/Arena

A Scalable and Configurable Benchmark for Policy Learning

Primary LanguagePythonMIT LicenseMIT

Arena: A Scalable and Configurable Benchmark for Policy Learning

Arena is a scalable and configurable benchmark for policy learning. It is an object-based game-like environment. The game logic is reminiscent of many classic games such as Pac-Man and Bomberman. An instance of the Arena benchmark starts with an arbitrarily sized region (i.e., the arena) containing a controllable agent as well as an arbitrary number of destructable obstacles, enemies, and collectable coins. The agent can move in four directions, fire projectiles, as well as place bombs. The goal is to control the agent to collect as many coins as possible in the shortest amount of time, potentially kill enemies and destroy obstacles using the projectiles and bombs along the way.

Installation

The main part of PGLE only requires the following dependencies:

  • numpy
  • pygame

Clone the repo and install with pip.

git clone https://github.com/Sirui-Xu/Arena.git
cd Arena/
pip install -e .

How to play these games yourself

cd examples/
python play.py

Use w, s, a, d to move, space to place bombs, and j to fire projectiles.

Getting started

Here's an example of importing Arena from the games library within Wrapper:

from arena import Arena

game = Arena(width=1280,
             height=720,
             object_size=32,
             obstacle_size=40,
             num_coins=50,
             num_enemies=50,
             num_bombs=3,
             explosion_max_step=100,
             explosion_radius=128,
             num_projectiles=3,
             num_obstacles=200,
             agent_speed=8,
             enemy_speed=8,
             p_change_direction=0.01,
             projectile_speed=32,
             visualize=True,
             reward_decay=0.99)

It's important to change the map size and the number of objects as a test for scalability.

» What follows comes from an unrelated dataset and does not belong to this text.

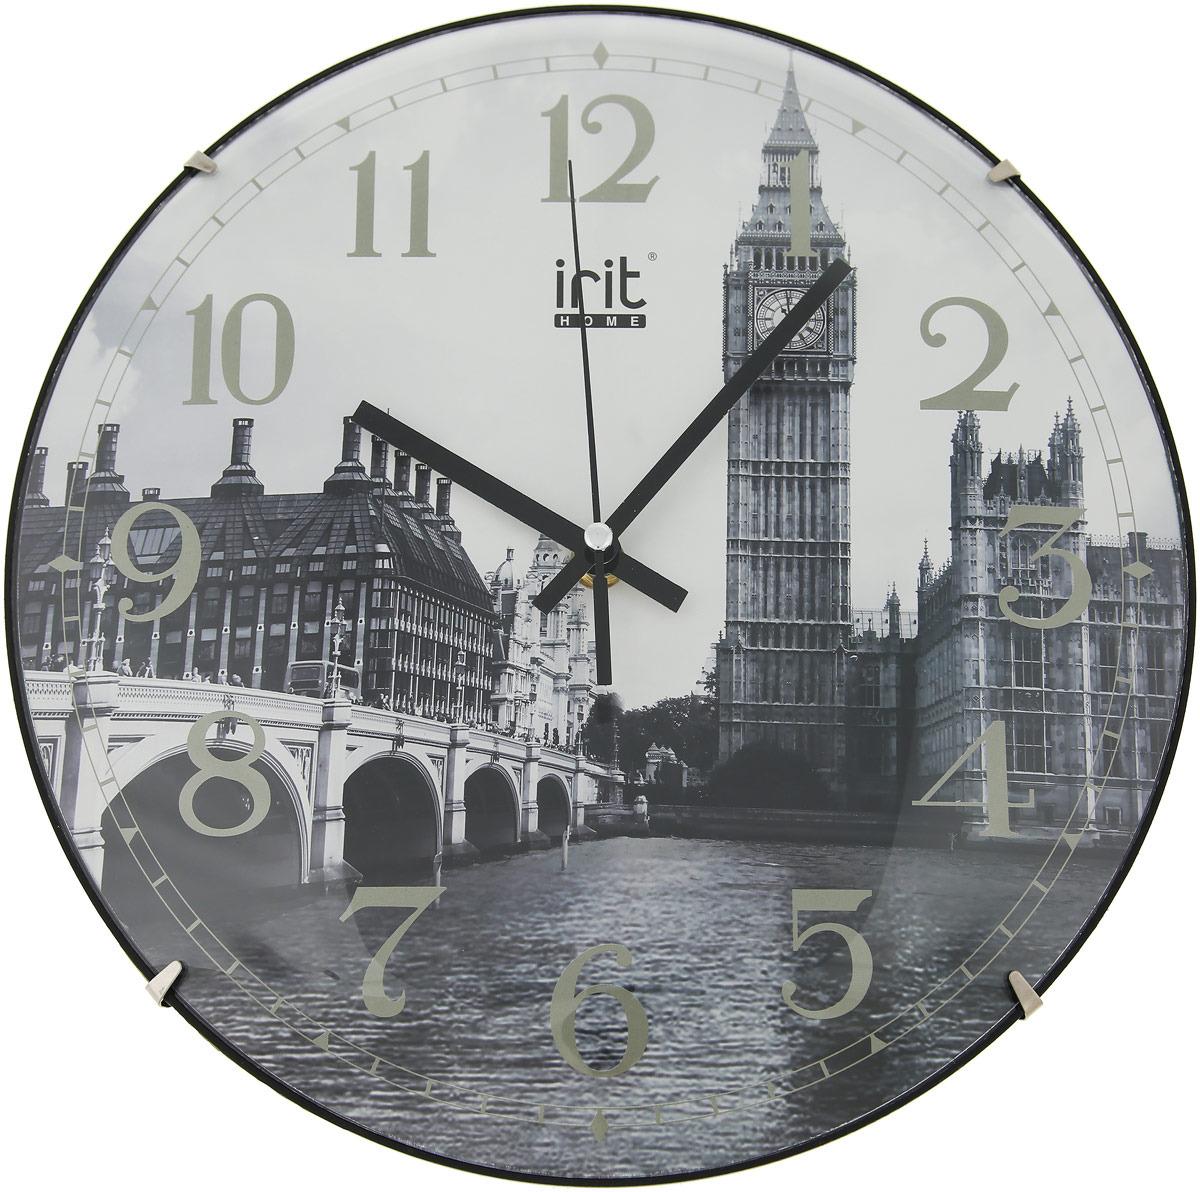 "Настенные часы Irit IR-649 ""Англия"", кварцевые, диаметр 30 см"

Next we configure and initialize Wrapper:

from arena import Wrapper

p = Wrapper(game)
p.init()

You are free to use any agent with the Wrapper. Below we create a fictional agent and grab the valid actions:

myAgent = MyAgent(p.getActionSet())

We can now have our agent, with the help of Wrapper, interact with the game over a certain number of frames:

nb_frames = 1000
reward = 0.0

for f in range(nb_frames):
    action = myAgent.pickAction(reward, state)
    state, reward, game_over, info = p.step(action)
    if game_over: #check if the game is over
        state = p.reset()

Just like that we have our agent interacting with our game environment. A specific example can be referred to example/test.py

Test heuristic policy

cd example
python algorithm.py --algorithm ${algorithm_name} --store_data

${algorithm_name} should be something like random.

Train GNN policy

cd example
python train.py --dataset ${data_path} --checkpoints_path ${checkpoints_path} --model ${model_name}

Test GNN policy

cd example
python test.py --checkpoints_path ${checkpoints_path}

Train DQN agent (AX0)

cd examples/rl_dqgnn
python train_dqgnn.py --train --model_path ${path to save model} --num_episode 5000 --num_rewards 5

Visualizing DQN policy

cd examples/rl_dqgnn
python eval_dqgnn.py --train --model_path ${path to load model}

Acknowledgements

We referred to the PyGame Learning Environment for some of the implementations.